- Task material:
******

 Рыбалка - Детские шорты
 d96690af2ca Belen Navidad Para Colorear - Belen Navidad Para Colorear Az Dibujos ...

******

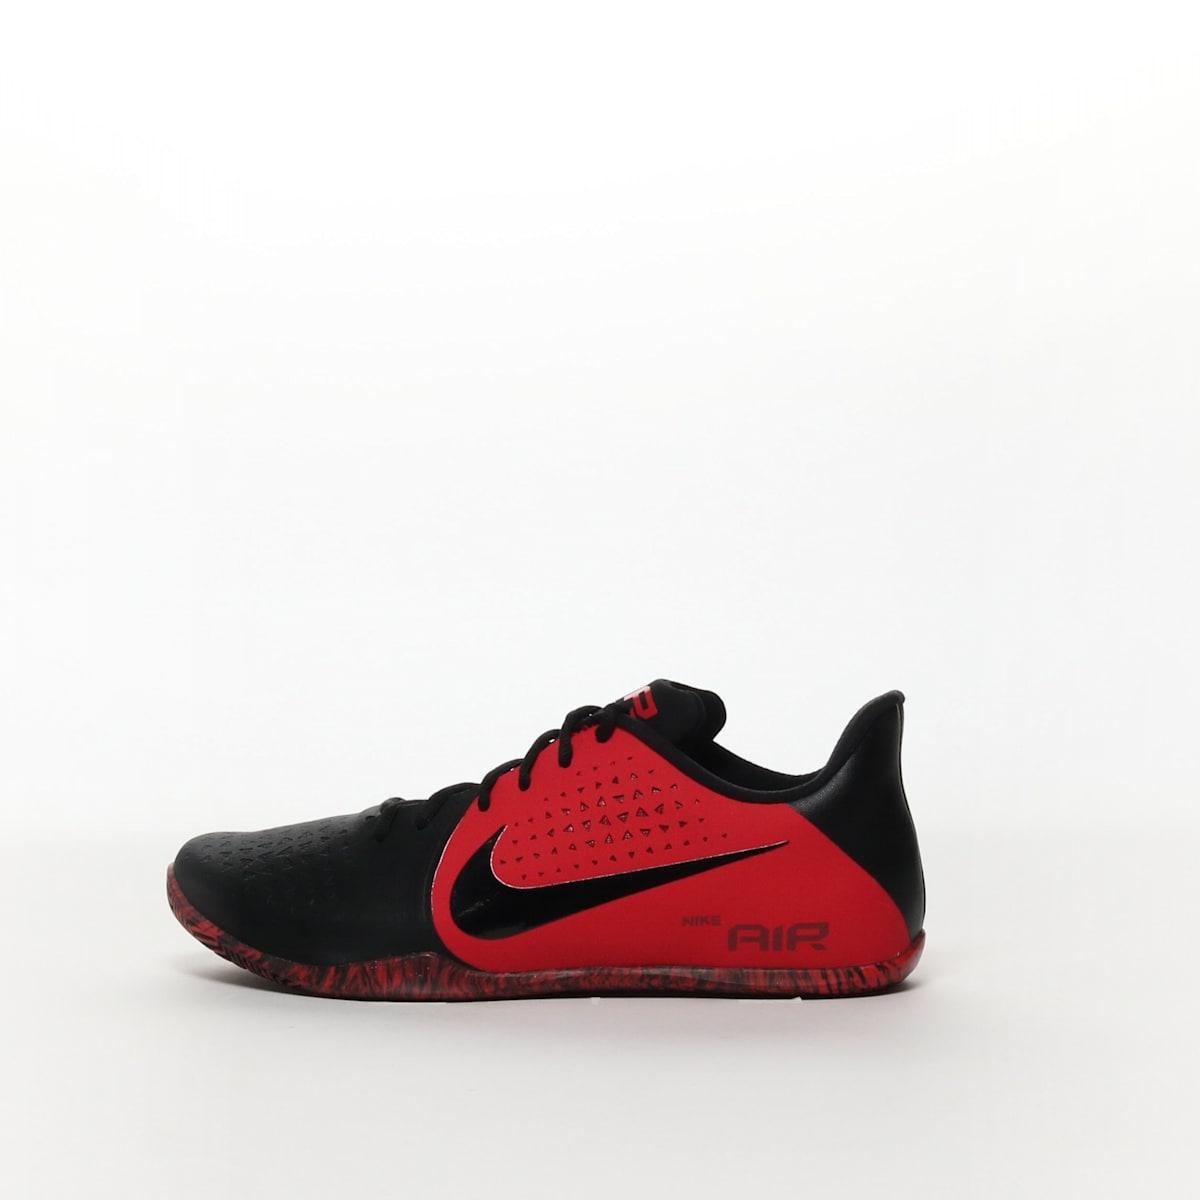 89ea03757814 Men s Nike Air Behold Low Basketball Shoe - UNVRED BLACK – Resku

******

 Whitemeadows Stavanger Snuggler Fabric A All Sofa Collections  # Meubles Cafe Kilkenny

******

- What the exercise asks:
Restate word for word the entries above from the line with "Рыбалка - Детские шорты" through the line with "d96690af2ca Belen Navidad", inclusive, leaving out everything else.

- Task solution:
 Рыбалка - Детские шорты
 d96690af2ca Belen Navidad Para Colorear - Belen Navidad Para Colorear Az Dibujos ...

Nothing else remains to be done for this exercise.